Crypto news

17.06.2026
20:19

A new wave of crypto drainers: how hackers empty the wallets of Russians

Russian cryptocurrency users are facing an aggressive new threat. At least three hacker groups have shifted their focus to the Russian-speaking audience, using malicious software known as drainers. These programs disguise themselves as legitimate investment platforms and affiliate programs, promising easy profits.

In late May to early June of this year, the emergence of at least 15 bait websites containing hidden crypto drainers was recorded. Analysts from the specialized division of F6 Digital Risk Protection identified a worrying trend: users are lured with promises of opening an investment account with a welcome bonus of $50 in USDT. To activate the bonus, the victim is asked to connect their wallet by scanning a QR code through the official app.

At first glance, this looks like a standard procedure. However, in reality, the user, without realizing it, signs a transaction that gives attackers full access to withdraw funds, tokens, and NFTs. Once authorization on the fake website is complete, the drainer instantly checks the balance with several requests and empties the wallet.

Main Luring Schemes

Specialists have identified three key tricks used by scammers:

  • Investment accounts: Promising a bonus for registration.
  • Telegram activity: Offering a profitable purchase of stars or other internal currencies.
  • Bonus programs: Distributing free tokens for connecting a wallet.

The scheme organizers have already submitted a request to block the identified domains, but as practice shows, new addresses immediately replace the closed ones. Maria Sinitsyna, Senior Analyst at the Digital Risk Protection Department of F6, notes that drainers are not new—they were actively used against English-speaking users several years ago, after which their activity declined.
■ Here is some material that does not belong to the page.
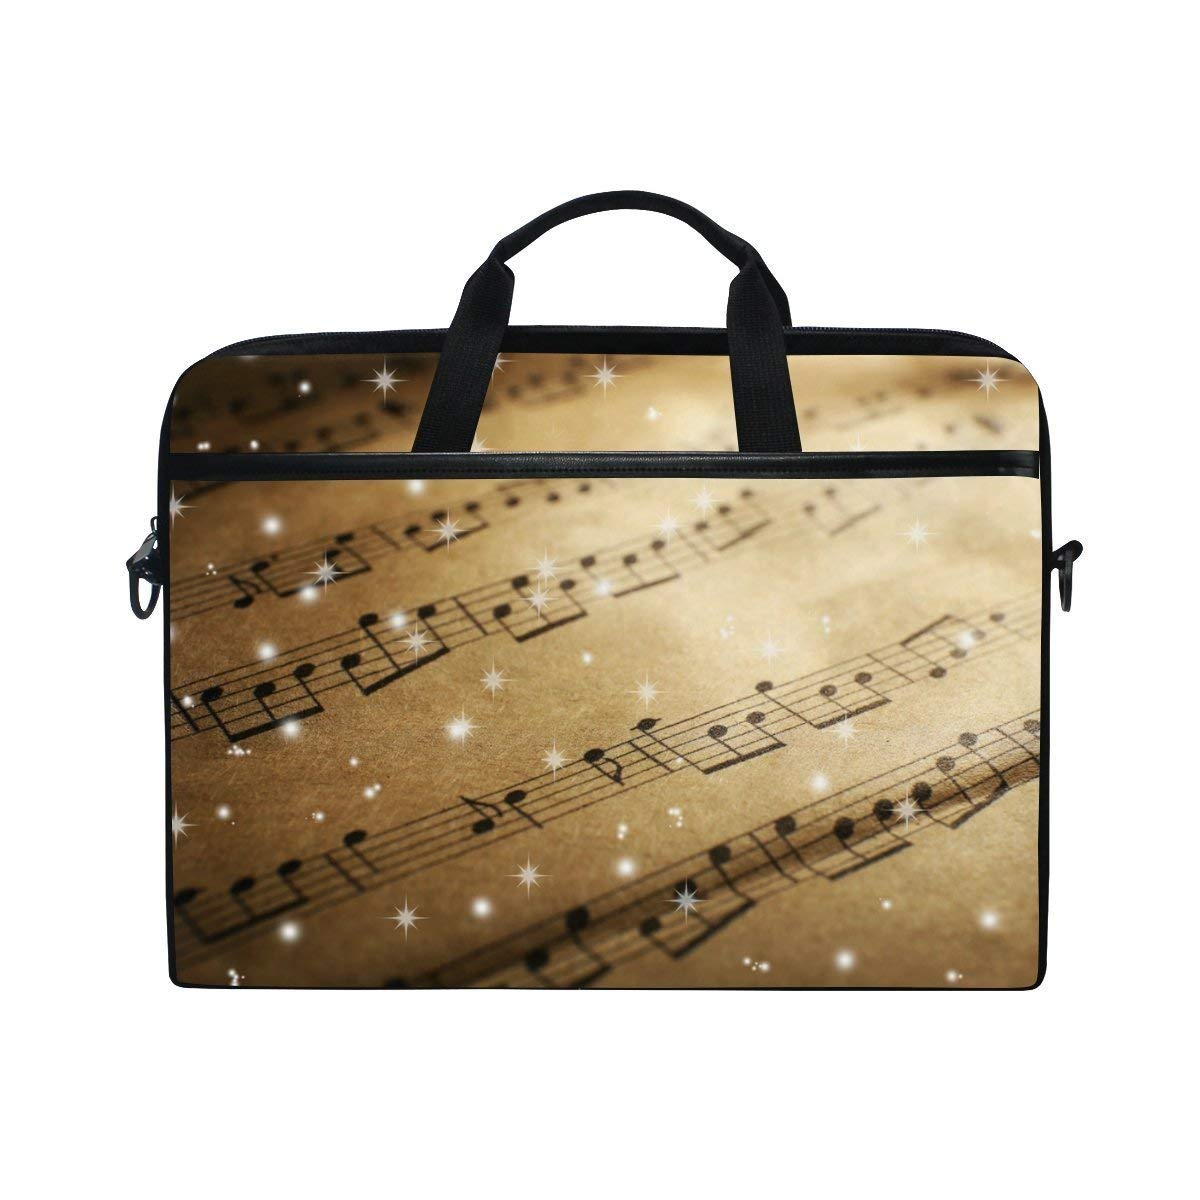 0ec14d9e8b Get Quotations · YQINING Bling Music Sheet Laptop Bag Briefcase Shoulder Messenger  Bag for Men and Women Fits 15

Now we are witnessing a resurgence of this threat, but with a focus on the Russian-speaking audience.

How to Protect Your Assets

Experts recommend completely avoiding clicking on suspicious links from advertisements. It is important to carefully verify the domain name of the resource you are on. Attackers often register domains that sound similar to well-known brands. Use Whois services to check the site's creation date—new resources should raise particular suspicion.

Additionally, since brokerage activities in the Russian Federation are only conducted under a license from the Bank of Russia, check the license and official internet resources of the broker on the Central Bank's website. Verify any promotions exclusively on official platforms. If you find a suspicious site, you can send it to the "Antiphishing" platform—F6 specialists will check the information and pass it to regulators for blocking.

Expert comment: The return of drainers targeting the Russian-speaking audience is an alarming signal. This indicates that attackers are adapting and finding new ways to bypass protective mechanisms. The most reliable protection is cold storage of assets and a critical attitude towards any offers requiring wallet connection. Do not believe promises of "freebies"—they do not exist in the crypto world.